A 2,000-year-old fresco shows what could be the ancestor of the pizza, Italy’s culture ministry said.
pompeii pizza

A painting of what could be the precursor to a modern Italian pizza has been found on a wall of the ancient Roman city of Pompeii.

The fresco, which is 2,000 years old, shows a flatbread that lacks the ingredients to technically qualify as a pizza, but Italy's culture ministry said it “may be a distant ancestor of the modern dish.”

The flatbread can be seen next to a goblet of wine, and archaeologists say it appears to have been topped with fruits such as pomegranates or dates. It could also have been seasoned with spices and a kind of pesto.


Tomatoes and mozzarella – the two most important ingredients for a classic pizza – were not available in AD 79, when the town was destroyed by the eruption of Mount Vesuvius. 

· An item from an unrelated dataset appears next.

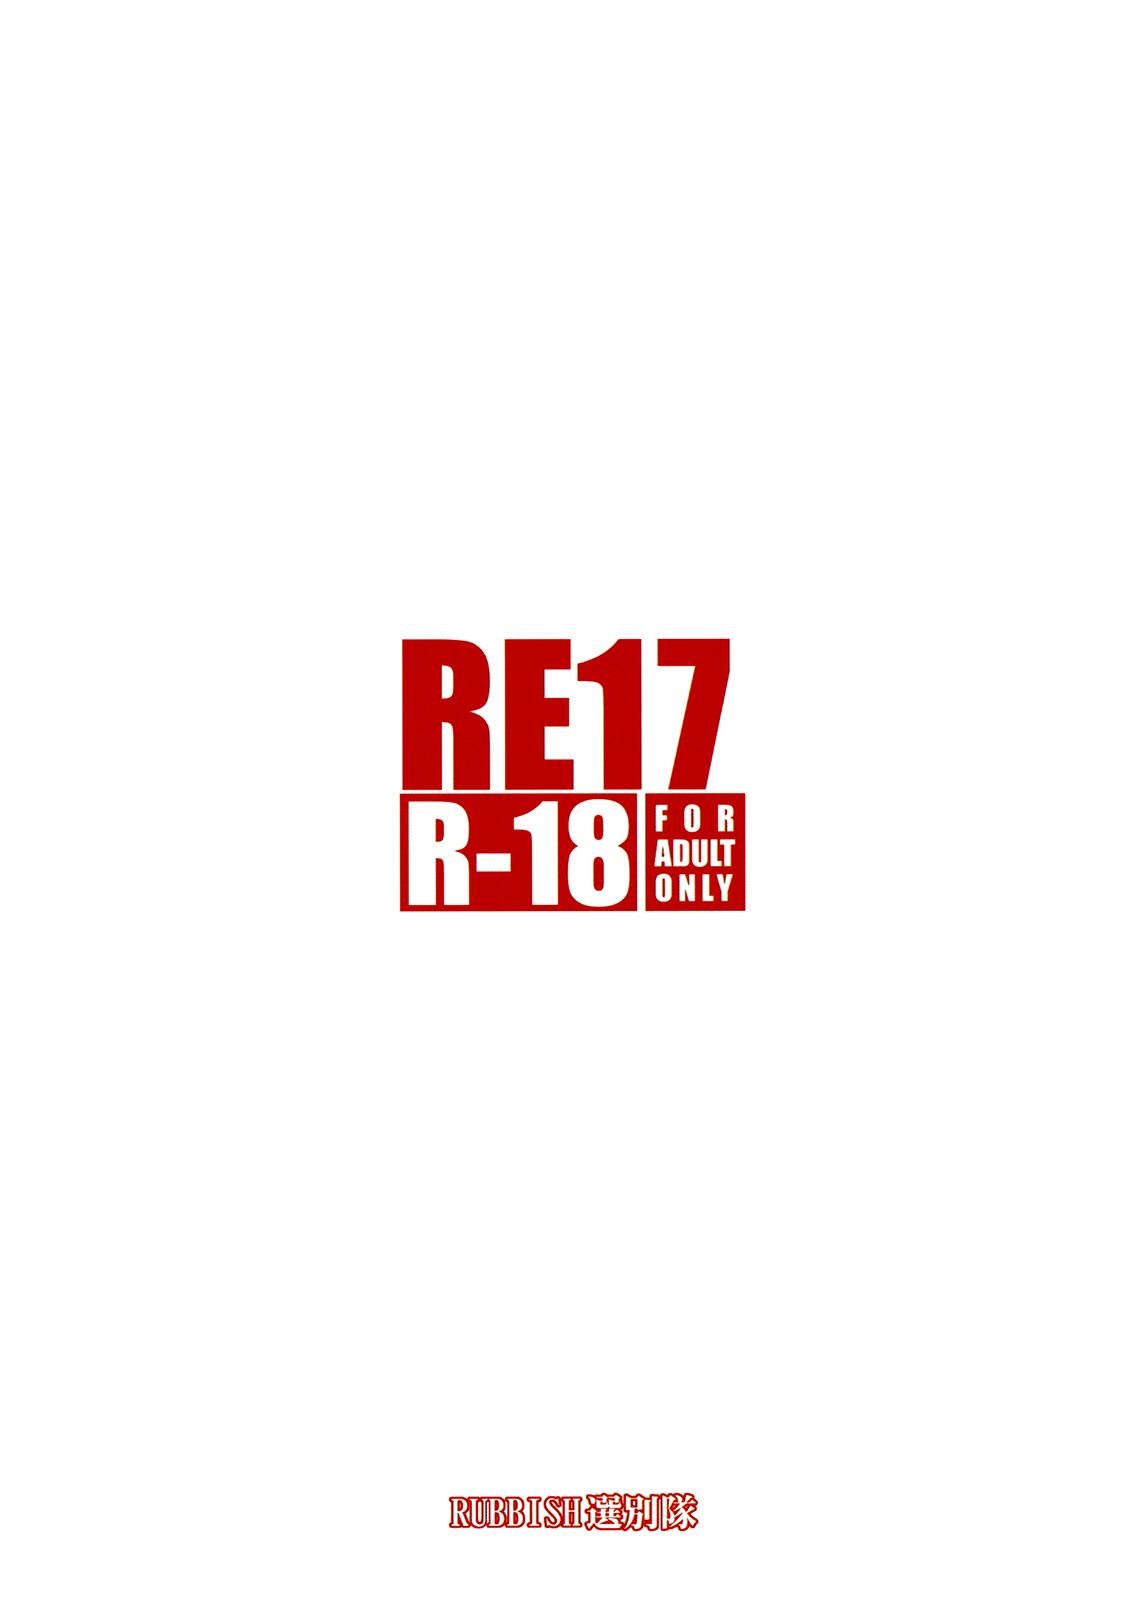 RE 17 32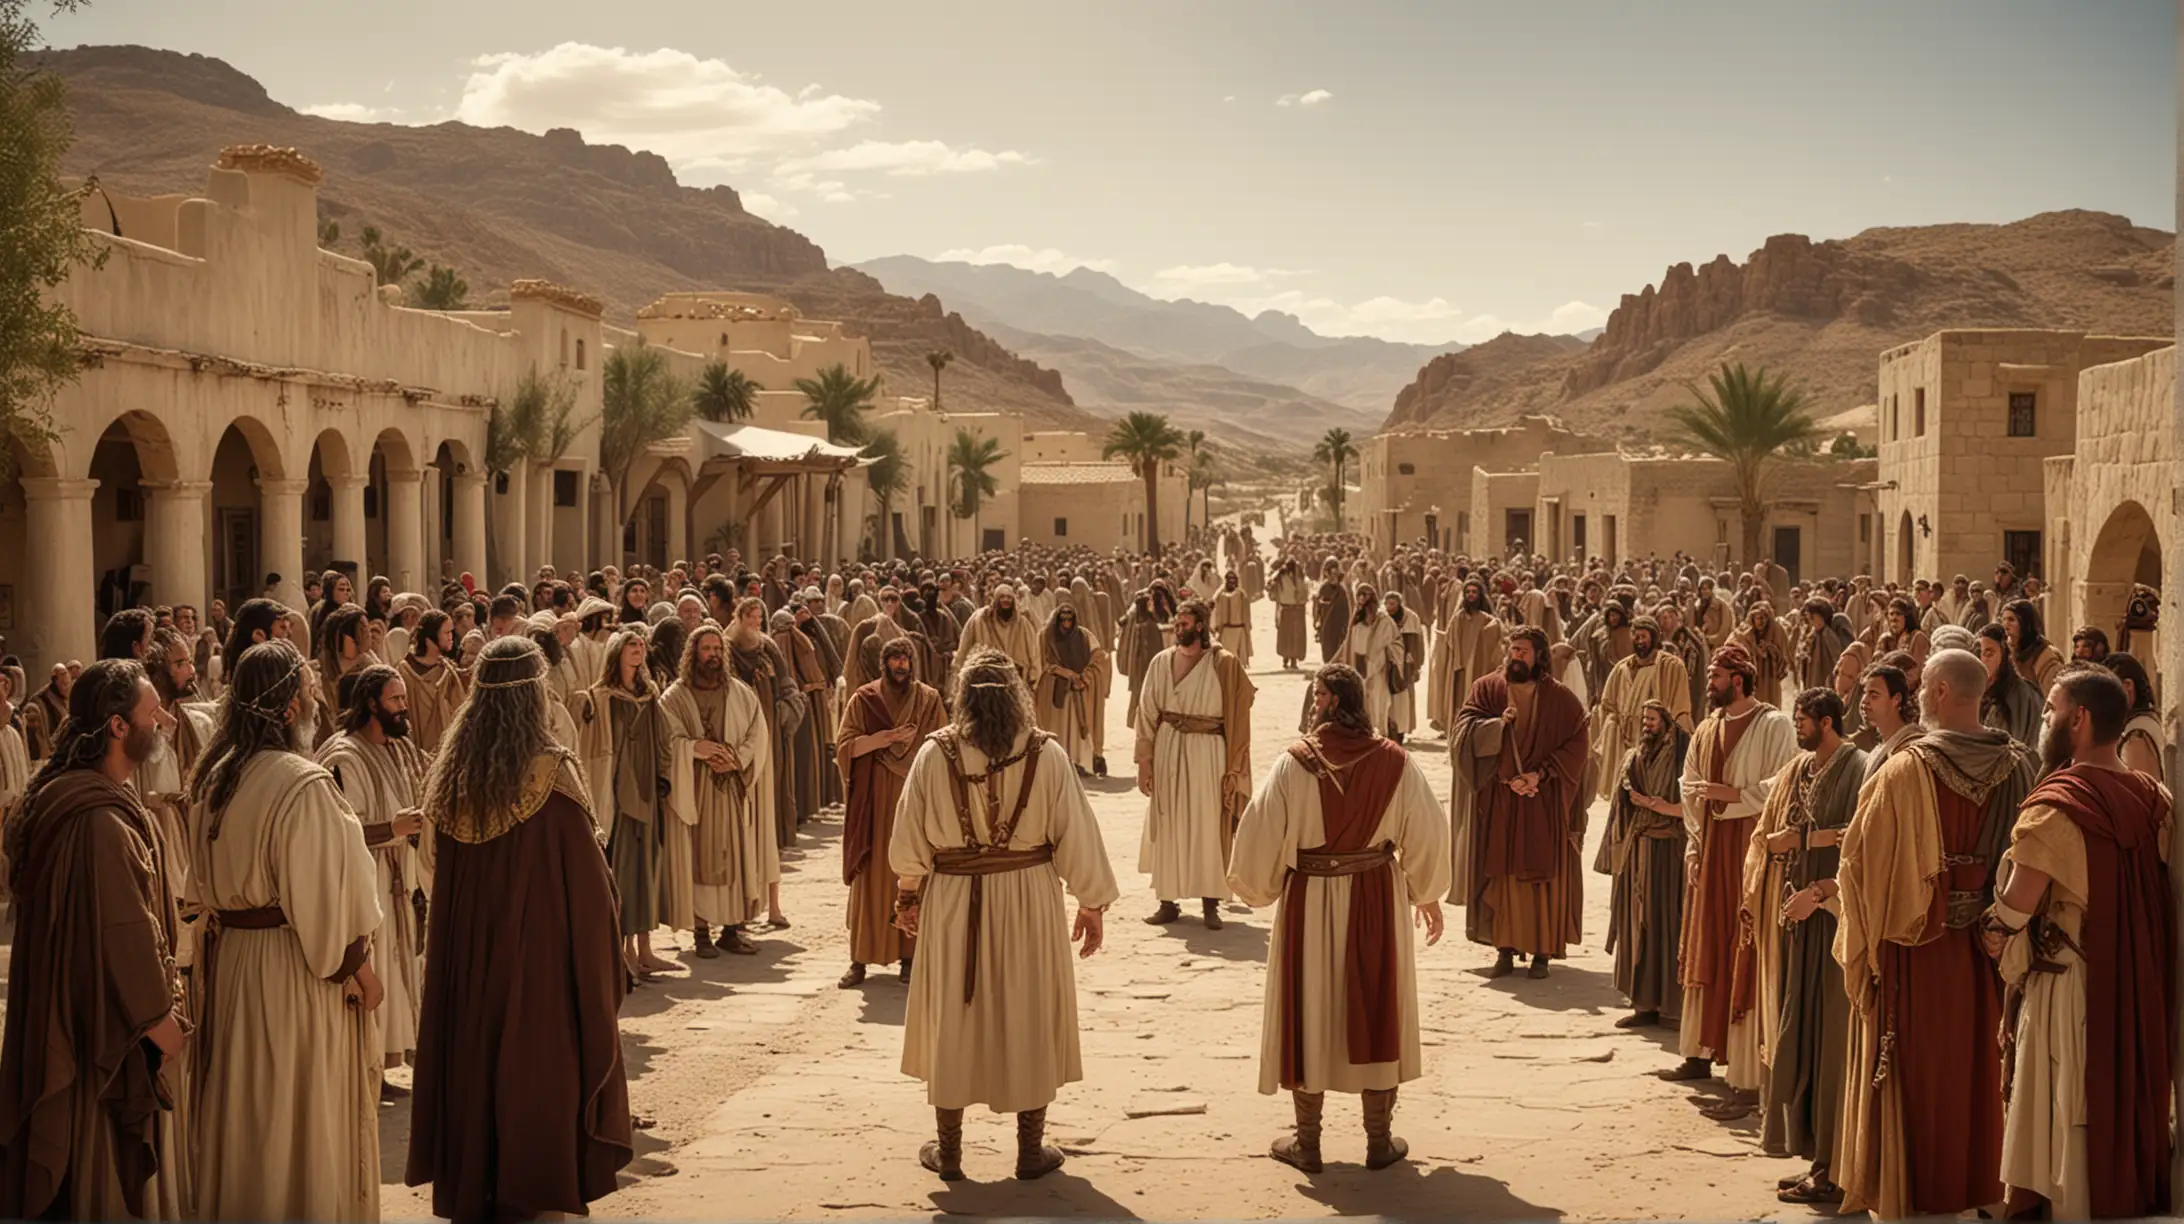 King David Speaking with Levitical Priests in a Desert Town

The fresco was found by excavators earlier this year in Regio IX, a district in the centre of Pompeii. The excavations have revealed the annexe of a house, including a bakery. The culture ministry said three human skeletons were also found near the oven in working areas of the house.

Pompeii director Gabriel Zuchtriegel said that the newly discovered fresco shows the contrast between a “frugal and simple meal” and the “luxury of silver trays”.

“How can we fail to think, in this regard, of pizza, also born as a 'poor' dish in southern Italy, which has now conquered the world and is also served in starred restaurants,” he said.

Pompeii is just 23km (14 miles) from Naples, birthplace of the modern-day pizza.